Failure to Ensure Safe Mechanical Lift Transfer Procedures
Penalty
Summary
The facility failed to ensure that residents were free from accident hazards related to the improper use of a mechanical lift, as required by facility policy. The policy specified that two staff members must assist with mechanical lift transfers to ensure resident safety, dignity, and comfort. Despite this, a certified nursing assistant (CNA) attempted to transfer a resident with significant mobility impairments using a mechanical lift without the required second staff member. The resident's care plan and Kardex clearly indicated the need for two-person assistance during transfers. The incident involved a resident with a history of stroke, hemiplegia, and impaired mobility, who was dependent on staff for transfers. During the transfer from a chair to a bed, the CNA was unable to find another staff member to assist and accepted help from the resident's family member instead.

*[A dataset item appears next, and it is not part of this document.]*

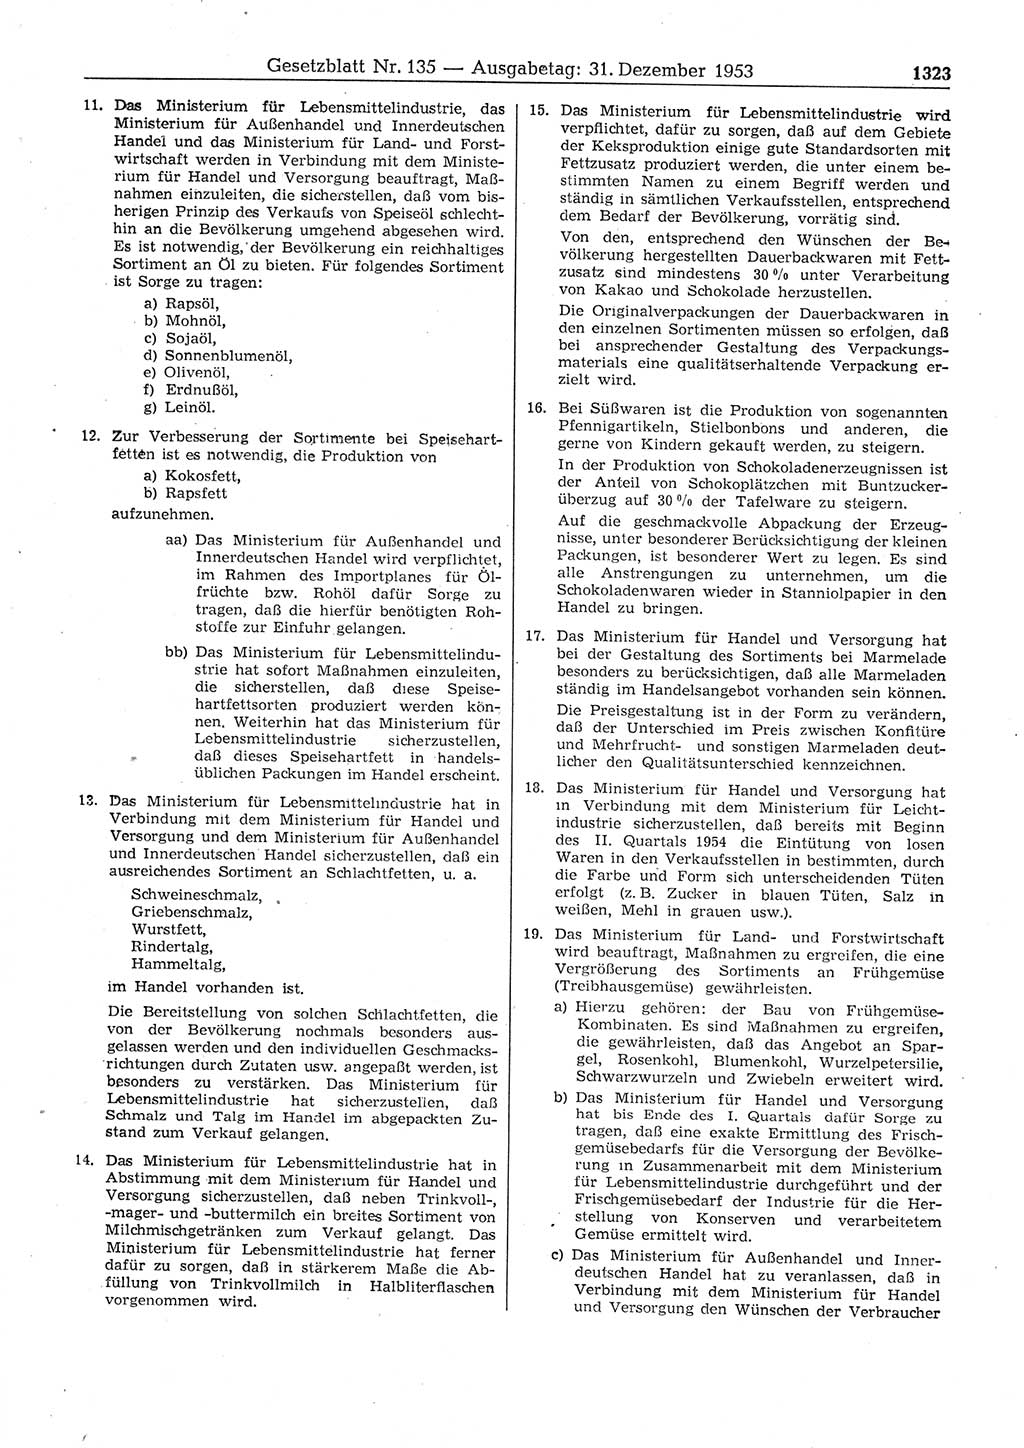 Gesetzblatt (GBl.) der Deutschen Demokratischen Republik (DDR) 1953, Seite 1323 (GBl. DDR 1953, S. 1323)

The mechanical lift did not clear the bed properly, and as the CNA attempted to maneuver the resident onto the bed, the lift made contact with the base of the geriatric chair. This caused the resident's weight to shift, resulting in the lift tilting and the resident being lowered to the floor by the CNA and family member. Following the incident, the resident complained of pain and was sent to the emergency department, where imaging showed no fractures or acute injuries. Interviews with staff and the family member confirmed that the transfer was performed by only one staff member, contrary to facility policy and training. The CNA admitted to acting impatiently and not following the required procedure for mechanical lift transfers.